No, this is not the sun but it’s a drop of glue!

ANCORA: goccia di colla preistorica
ANCORA: a drop of glue

Looking at this picture quickly, at a first glance you may think this is a photo of the Sun, taken by some kind of telescope. In reality it is glue … and what a glue! This drop of dried glue photographed under a microscope bears witness to a primitive glue in a settlement of Neanderthals, who lived in Germany 300/30.000 years ago. It seems in fact, that in times past pieces of birch bark used to be burn, thus obtaining a tarry, sticky substance, which according to the researchers used to glue the pieces together to build their tools.

Indeed, there are even older natural glues because … they have been produced in nature by living beings, plants (resins!) or animals, for well over 300,000 years.

There are many reasons why living beings, both plants and animals produce sticky substances: it would be simplistic to think that the plants produce resins merely to protect themselves from the elements. There are even plants that produce adhesives for food.

Drop of glue in nature

Pinguicula moranensis: a kind of carnivorous plant with glue traps generated by invisible glands
Pinguicula moranensis

Pinguicula moranensis is a unique example of a kind of carnivorous plant with glue traps generated by invisible glands. There are dozens of species of this kind of plant spread all over the globe and in a variety of habitats.

The photo on the left shows the Pinguicula with its characteristic pastel-yellow color: it certainly does not look very carnivorous, with its soft, thick leaves and flowers that look like violets. It looks like a cactus, but it is not.

The leaves that hide the s sticky glands are incredibly efficient traps, which make pinguicole one of the most successful carnivorous plants , able to wipe out dozens of small insects per leaf

There are also other carnivorous plants that exploit the same system, with the difference that they do not hide the sticky glands like the pinguicole: on the contrary they exhibit them brazenly.

This is the case with Drosera spatulata, whose leaves are covered with very fine hairs with a sort of droplets at the ends.

Drosera spatulata leaves are covered with very fine hairs with a sort of droplets at the ends
Drosera spatulata

The composition of these droplets is varied: they are substances only intended to entangle, entrap, stick and finally kill the captured prey.

Ultimately the natural glues produced by the special glands of these plants are deadly instruments, whose purpose is simply to trap and kill.

Drop of glue: what about the animal world?

In this case we would like to treat the subject in less obvious way and avoid the stereotype of animals that produce glue to trap, kill and eat. And for this reason we will talk about mussels, the shell fish we so like to eat with spaghetti or in a soup. Indeed!

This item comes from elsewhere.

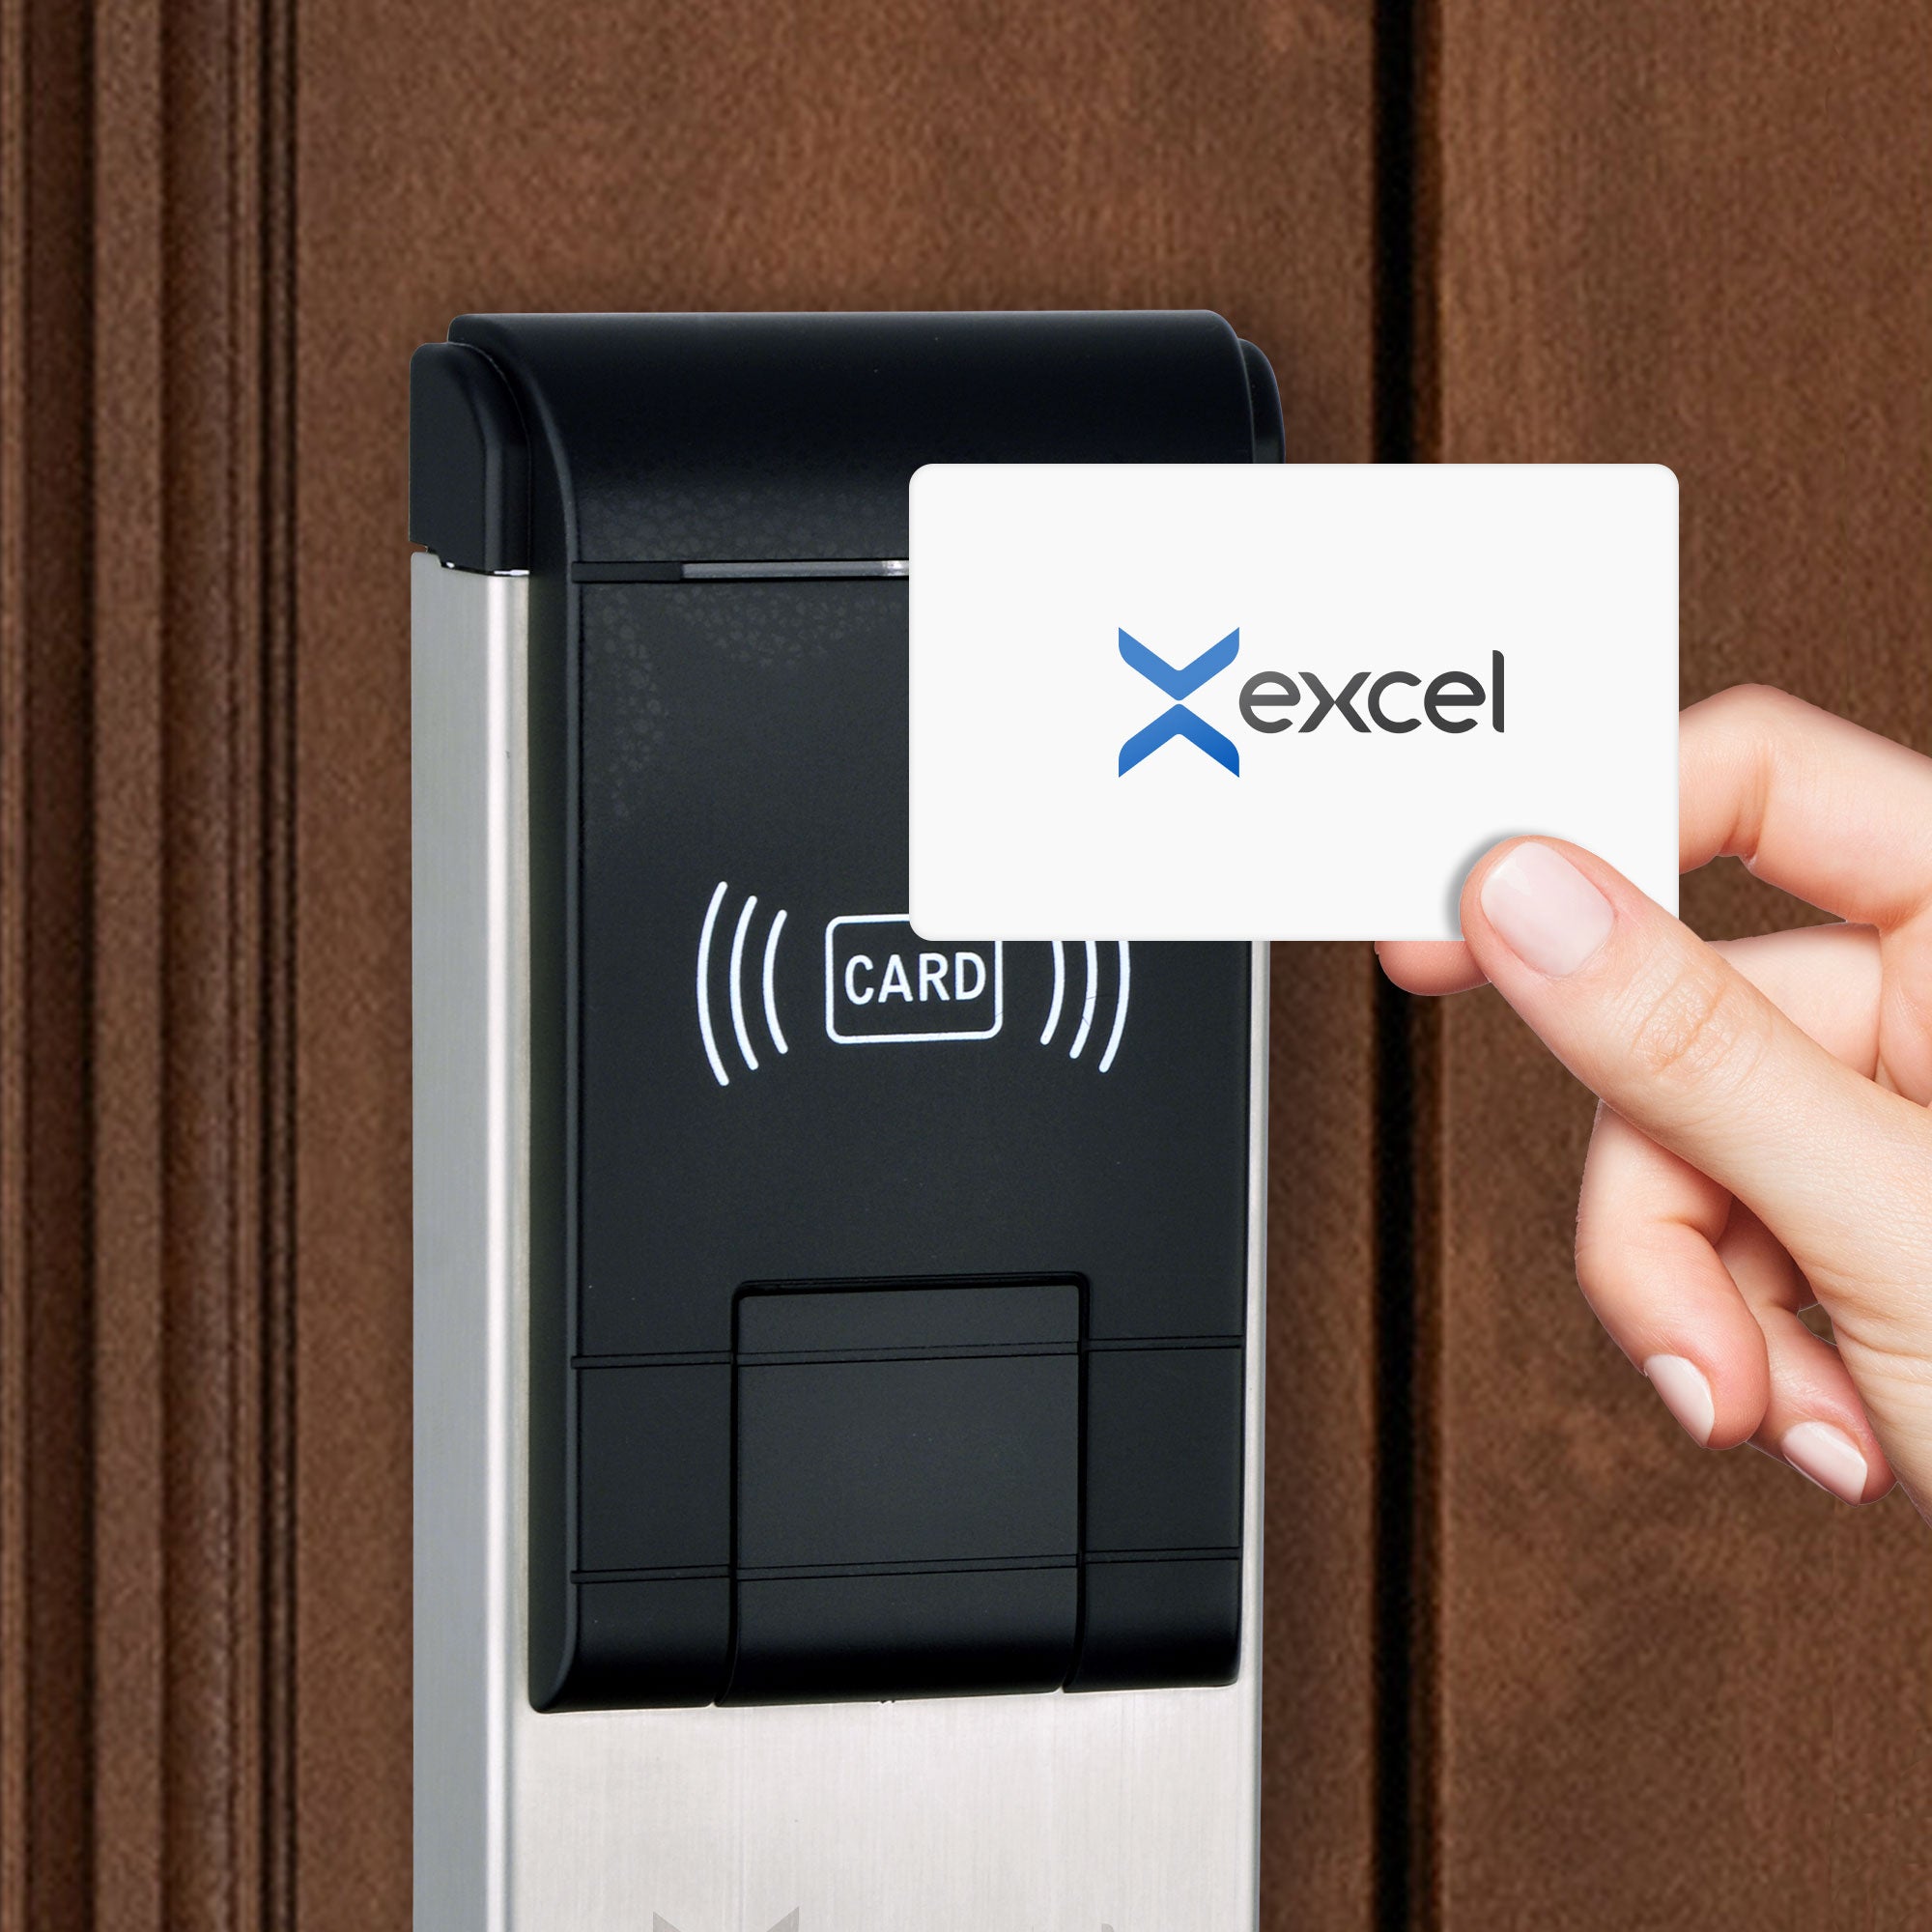 Cerradura hotelera Excel 930 con lector de tarjeta RFID para hoteles

But before ending up on our plates one has to detach them from the rocks (if they are not bred in a farm) and this is not so simple: the mussels are very firmly attached to their rock and … how do they manage this?

colle-collanti-cozze-attaccate-allo-scoglio
Mussels super glue

Well, few people know that mussels produce a “super glue”. Recent studies and research carried out in California in order to produce fewer chemical adhesives and more natural ones, have shown that the super-glue that mussels produce to remain to cling to the rocks is made of a particular anti oxidant protein. It is true that these mollusks stay attached to the rock by virtue of a bundle of filaments, but it is also true that each of these filaments ends with a kind of plaque, which is attached practically glued to the surface of the rock. These plaques are produced by the same mussels in a few minutes thanks to the secretion of some proteins. Among the proteins involved in the process, one that undoubtedly plays the main rule is mfp-3, full Dopa molecules, which act exactly like a super-glue. But that’s not all! Given the constant oxidation of the marine environment, the mfp-3 protein that is not sufficient to resist oxidation on its on, flanked by protein mpf-6, which improves the function of protecting the adhesive protein mpf-3. All this from the tasty mollusk that is the mussel!